RFR(M): 6921087: G1: remove per-GC-thread expansion tables from the fine-grain remembered sets

Mon Jun 25 21:43:42 UTC 2012

Hi Brandon, John,

On Mon, 2012-06-25 at 12:51 -0700, John Cuthbertson wrote: 
> Hi Brandon,
> 
> Thanks for the suggestion. The set of changes sent out were just the 
> cleanup changes. Thomas actually has an optimization where he maintains 
> a list of PRTs for each RSet. When he comes to free them - it's a single 
> list concatenation on to the free list which should have the same 
> benefit as you describe. In the meantime I'll forward your email to 
> Thomas to see if he has any comments.
> 
> On 06/19/12 13:15, Brandon Mitchell wrote:
> > @@ -992,10 +714,10 @@
> >  void OtherRegionsTable::clear() {
> >    MutexLockerEx x(&_m, Mutex::_no_safepoint_check_flag);
> >    for (size_t i = 0; i < _max_fine_entries; i++) {
> > -    PosParPRT* cur = _fine_grain_regions[i];
> > +    PerRegionTable* cur = _fine_grain_regions[i];
> >      while (cur != NULL) {
> > -      PosParPRT* nxt = cur->next();
> > -      PosParPRT::free(cur);
> > +      PerRegionTable* nxt = cur->next();
> > +      PerRegionTable::free(cur);
> >        cur = nxt;
> >      }
> >
> > Linking the PerRegionTables into a temporary list in the loop and
> > calling PerRegionTable::free() with that list should reduce contention
> > potential on the global freelist. You could also tighten up the
> > MutexLockerEx around the loop, and link to the free list without holding
> > that Mutex around the freelist CAS/spin cycle unnecessarily.
> 

  as John mentioned, the actual patch is still pending, we split the
cleanup from the actual change; and it uses the same technique among
other things to improve performance.

The initial cause for looking at it was very long collection set clear
time, often taken more time than the "actual" gc (on large heaps, with
smallish pause time goal).

The (pending) changes can be summarized as follows:

  - links together all PerRegionTables in a doubly linked list on a per
region remembered set basis as they are allocated.

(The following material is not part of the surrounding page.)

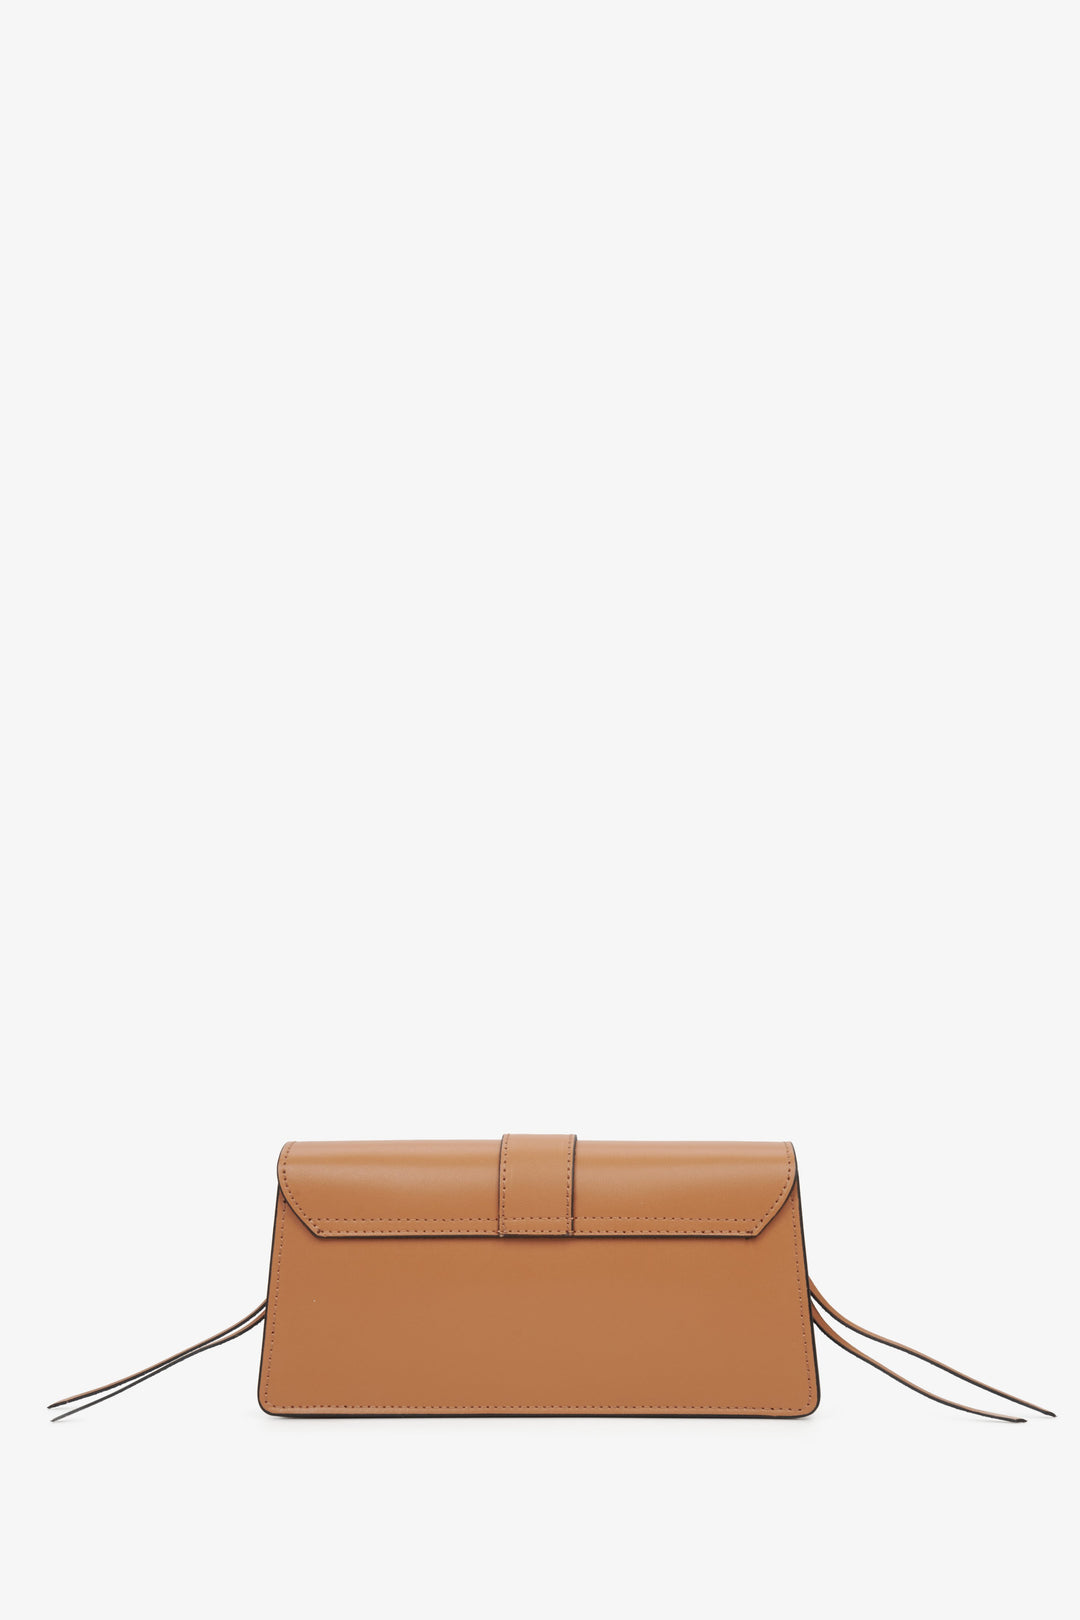 Ganuine leather women's brown handbag Estro - reverse.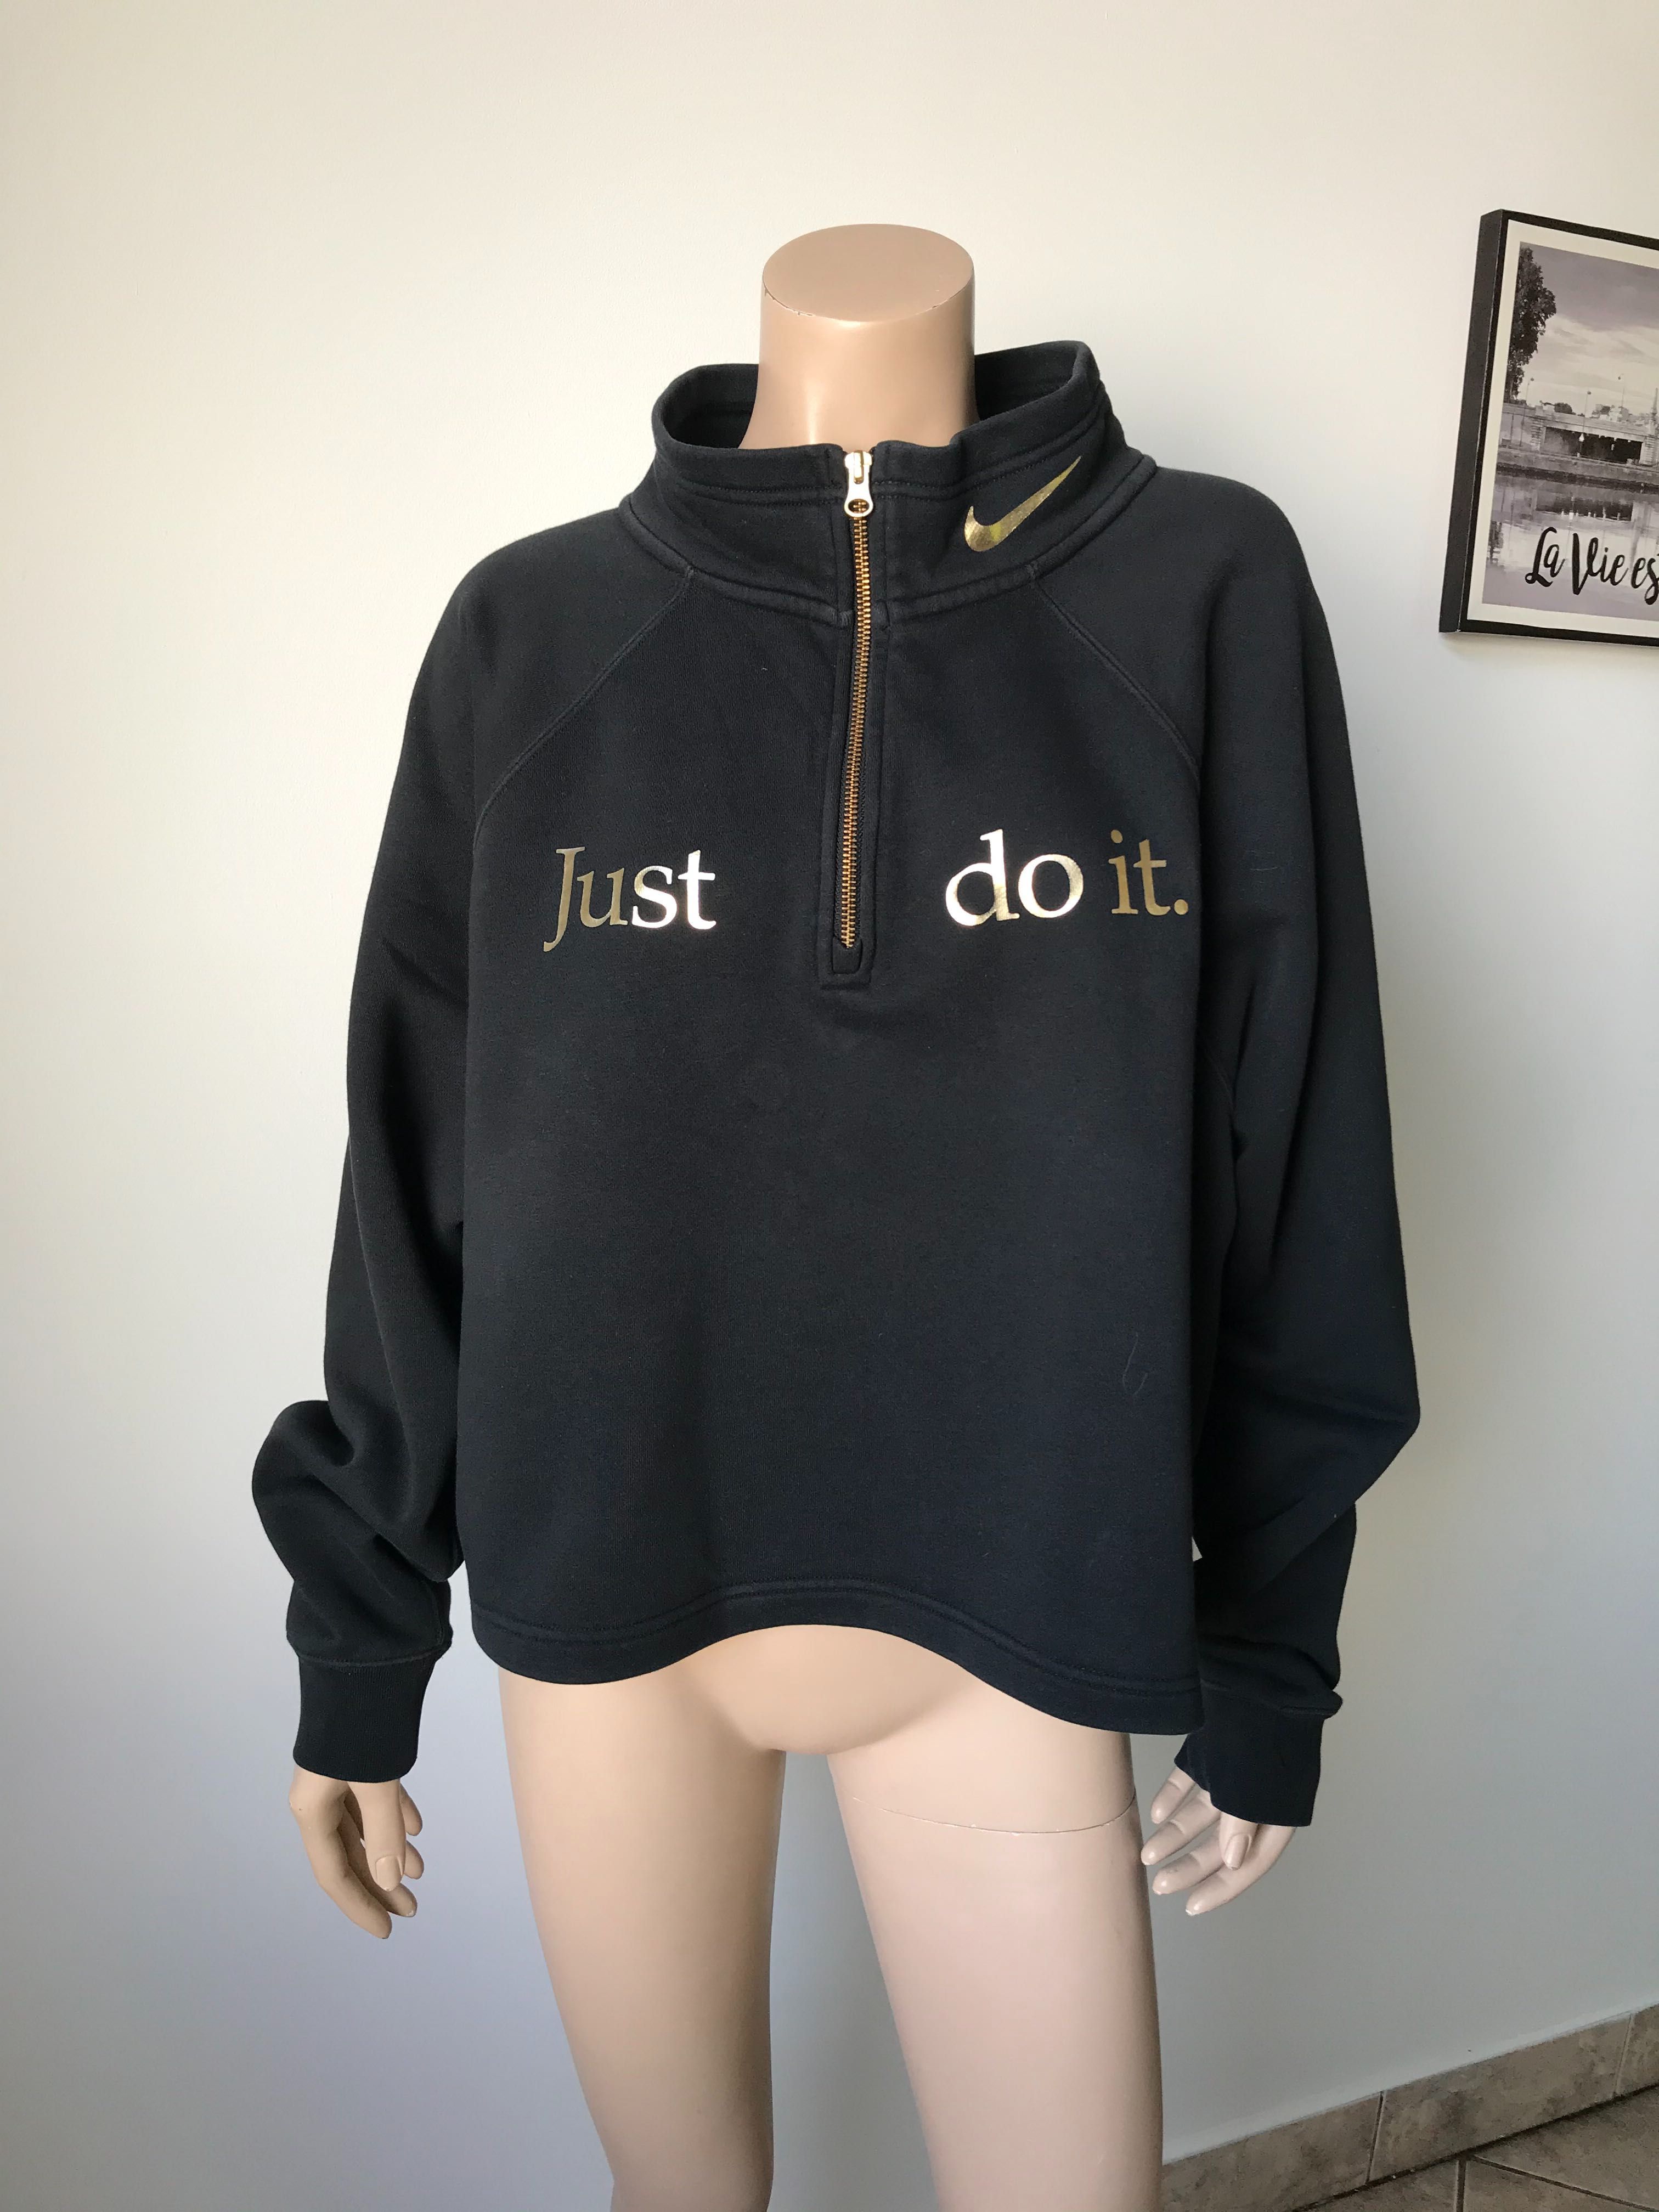 Nike Just Do It bluza damska XL złote napisy.

  - doubly linked because it is easy and fast to remove single elements
from this list when the particular PerRegionTable remembered set is
coarsened. The patch adds two additional fields for the doubly linked
list, but this cleanup patch removed one or two member variables, so we
should be even again.

  - the patch also walks this list of all PerRegionTables to count the
number of remembered set entries - this is a lot faster than walking the
hash table array. (Which is another performance issue not mentioned yet)

  - the changes to improve clearing the fine remembered set themselves
are as follows:
    * first, if there are no PerRegionTables at all (which is not
uncommon btw), do not do anything. Not walking or even zeroing out
(again) the hash table array,
    * second, you can do the linking of the whole set of now free
PosParPRT into the free list in a single CAS operation. I.e. similar to
your idea, but since all PerRegionTables are already linked together no
need to do it again.
Consider that there may literally be thousands of regions to clear...
each with a lot of PerRegionTables to free - e.g. 16G young gen at 2M
regions -> 8k regions, so actually even "only" linking them together
right away will probably just take too long too.
    * and third, do a memset() to clear the hash table, not NULL'ing out
per element as done previously.

Regarding contention, I do not think that after these changes taking the
mutex and the CASes are points of contention any more. I did not really
check, but these clear operations are typically done (atm) serially, or
distributed across threads on a per-region basis, so there will be no
contention on the mutex (and has never been: you typically clear only if
you know nobody else is currently processing the region's rset...); the
CAS is basically taken care of too.

Tests showed that after applying the coming patch, remaining time will
be mostly spent clearing the sparse remembered sets. Imho it essentially
needs a redesign/rewrite because it has not been written with fast
clearing in mind at all.
Performance runs on larger heaps indicate that above changes will reduce
the average total time spent in clearing the remembered sets
significantly in my measurements (50-70%, depends on remembered set
composition).

Hth,
  Thomas